REQUIRED WORK
Please output exactly the part of the records below that opens with the line containing "Nike Wallpaper HD" and closes with the line containing "Kissherely 4 Boxen/Set", both lines included, and nothing else.

DATA
• • • • •
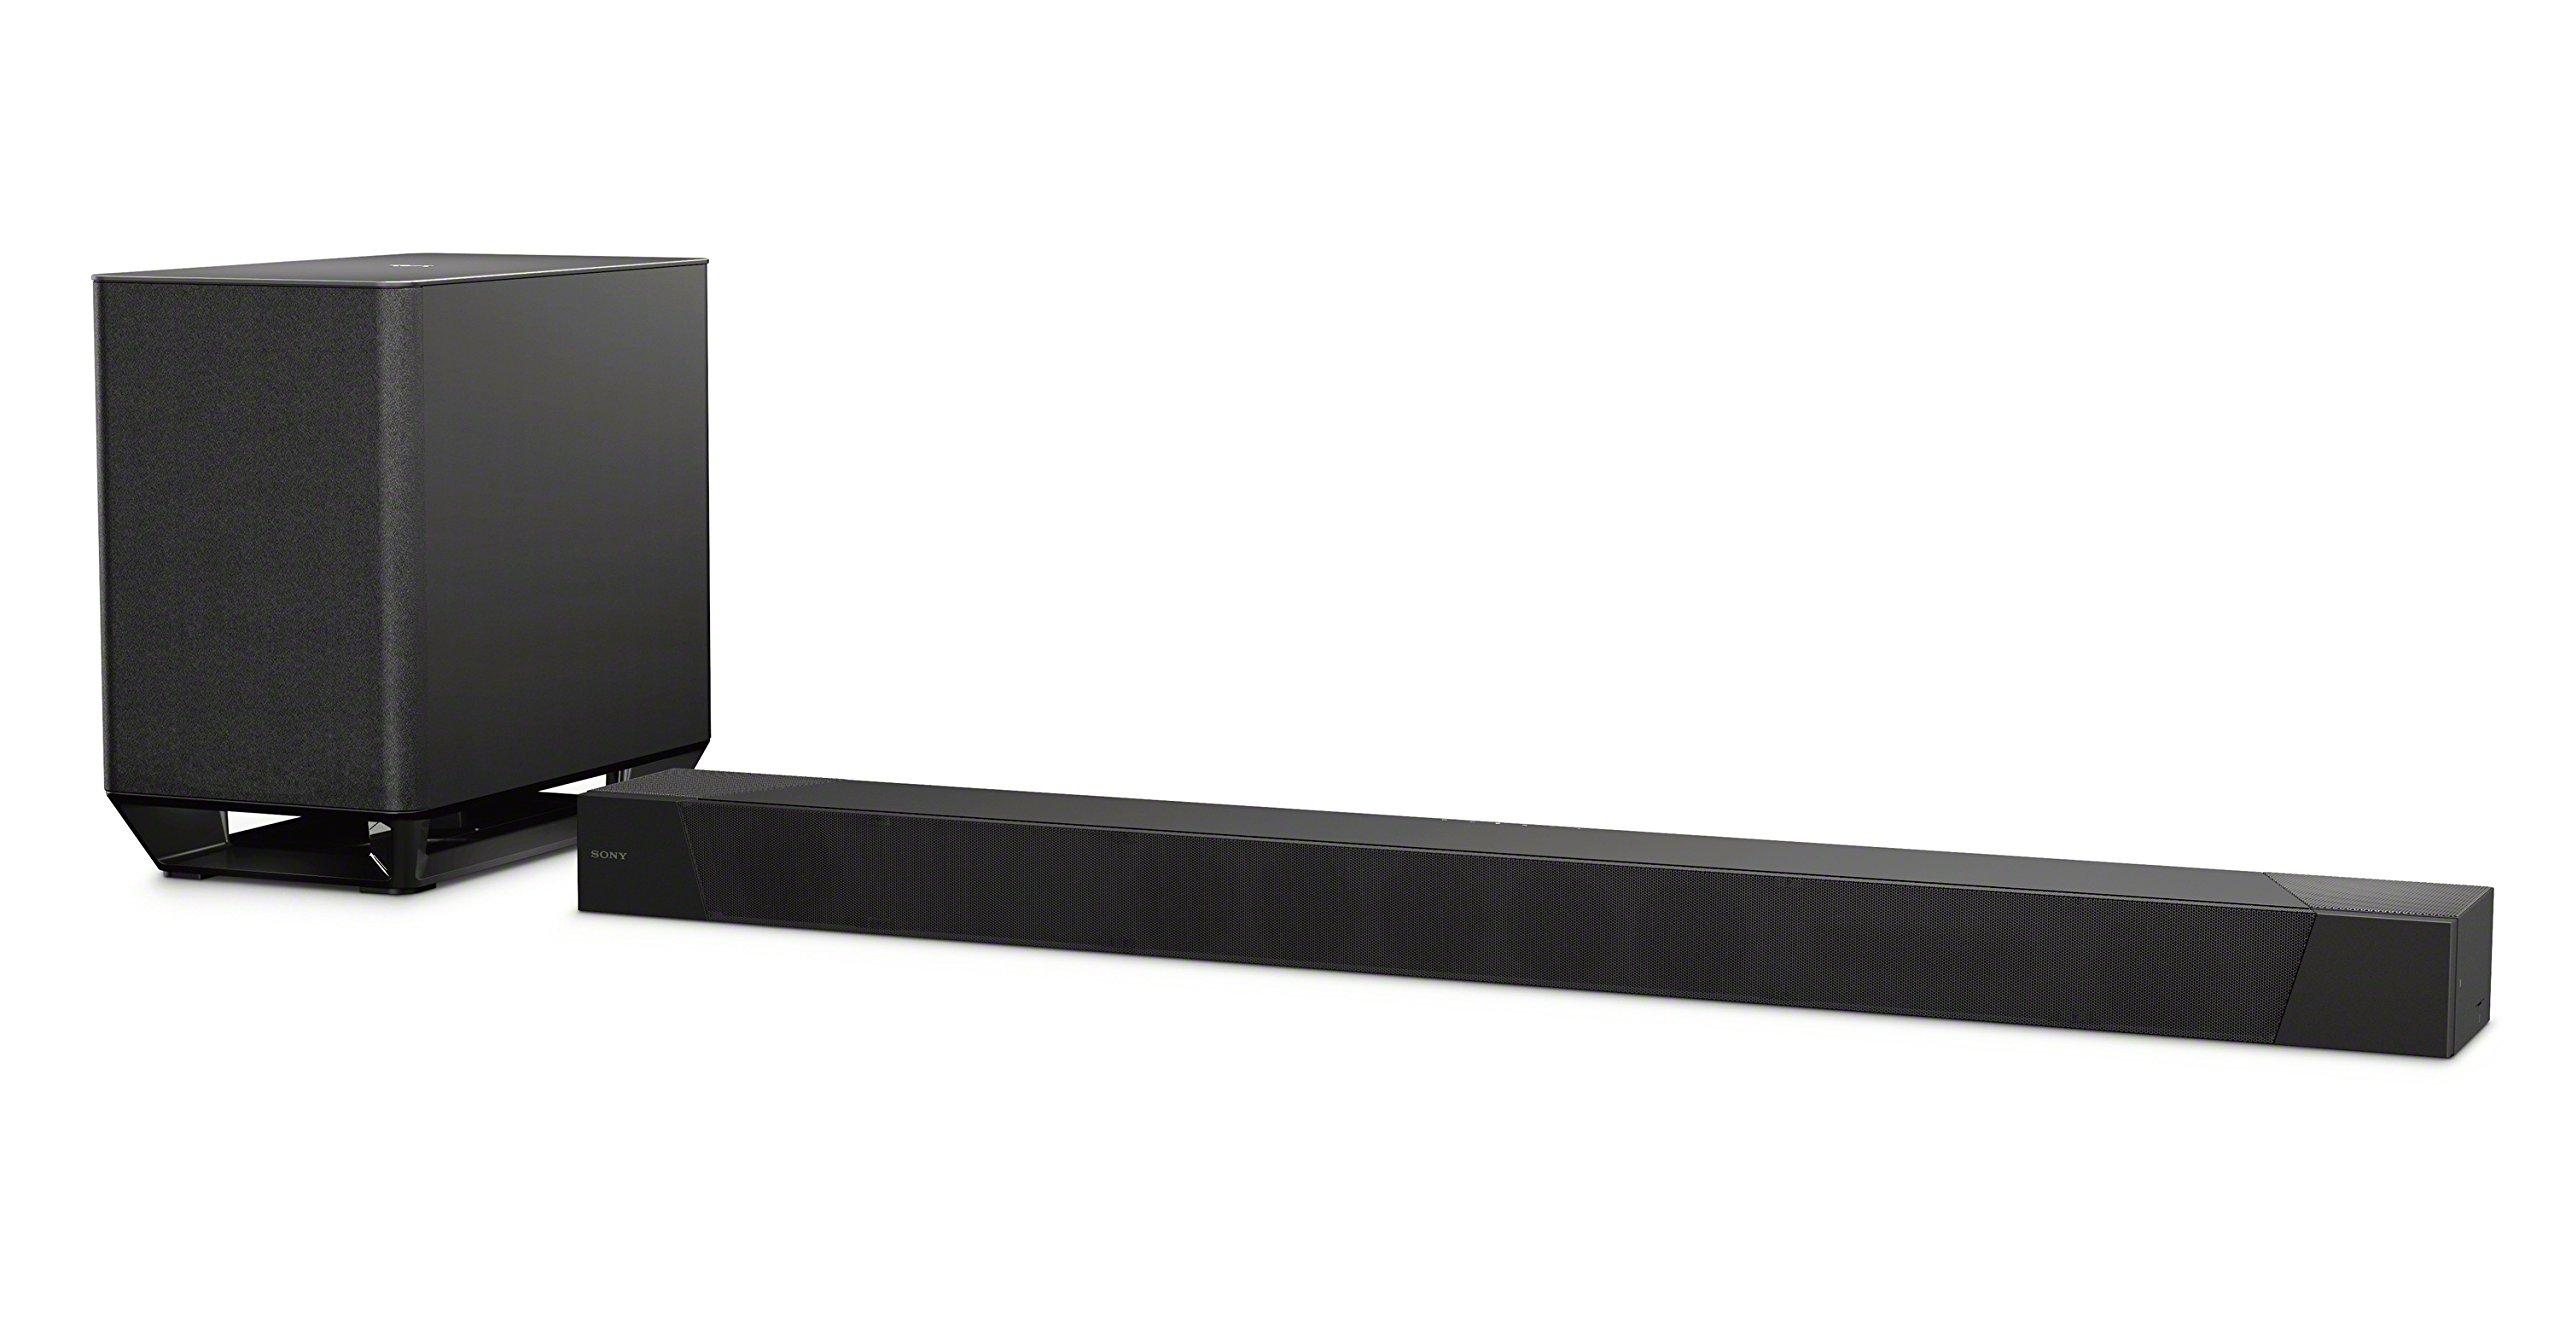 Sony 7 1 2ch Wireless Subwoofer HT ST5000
• • • • •
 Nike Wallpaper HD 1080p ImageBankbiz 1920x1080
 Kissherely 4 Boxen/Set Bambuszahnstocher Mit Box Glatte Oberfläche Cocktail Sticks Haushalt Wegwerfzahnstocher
• • • • •
WORKED SOLUTION
 Nike Wallpaper HD 1080p ImageBankbiz 1920x1080
 Kissherely 4 Boxen/Set Bambuszahnstocher Mit Box Glatte Oberfläche Cocktail Sticks Haushalt Wegwerfzahnstocher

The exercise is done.